In preparation, Serov also observed Yermolova on stage, using these impressions to capture her inner character. He later remarked modestly on the finished work: “But nothing, as if something had come out.” For the portrait, Serov received a fee of 1,000 rubles—substantially less than the 4,000 rubles he received for portraits of Nicholas II and Ida Rubinstein. The sum was collected by Ostroukhov from members of the Literary and Art Circle on 27 February 1905; Serov acknowledged receipt of the payment the following day.

== Location ==
In 1907, Maria Yermolova, exhausted by conflicts within the theatre administration and dissatisfied with the artistic direction of the Maly Theatre, announced her departure from the stage—though this retirement would later prove temporary.

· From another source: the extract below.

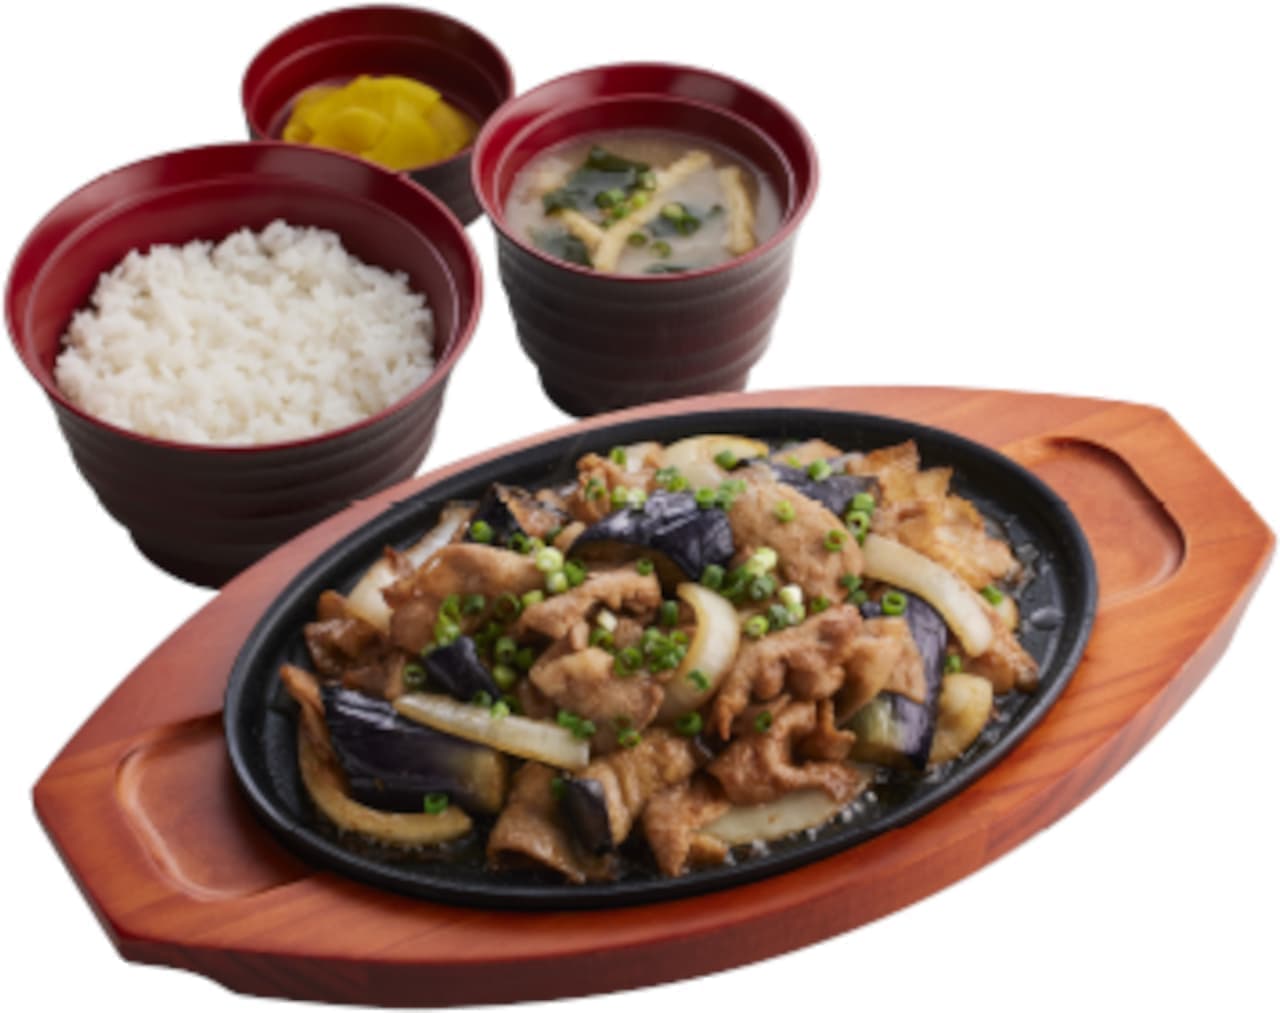 Joyful "Stir-fried pork and eggplant with miso" set meal

On 11 March, a banquet was held in her honour at the Moscow Literary and Artistic Circle. Attended by approximately 300 guests, the event brought together figures such as Nemirovich-Danchenko, Stanislavsky, colleagues from the Maly Theatre, and artists and intellectuals from across Russia. Numerous speeches praised Yermolova’s contribution to Russian theatre; Nemirovich-Danchenko notably described her as "the singer of women's heroism". During the celebration, Serov’s portrait of Yermolova was ceremonially unveiled. In a dramatic presentation, the actress was led into a darkened hall by Professor Bazhenov. As a white curtain dropped, the portrait appeared illuminated on the stage, prompting a wave of applause. The newspaper Russkiye Vedomosti reported that the painting, "effectively illuminated and surrounded by laurels," became the evening’s centrepiece.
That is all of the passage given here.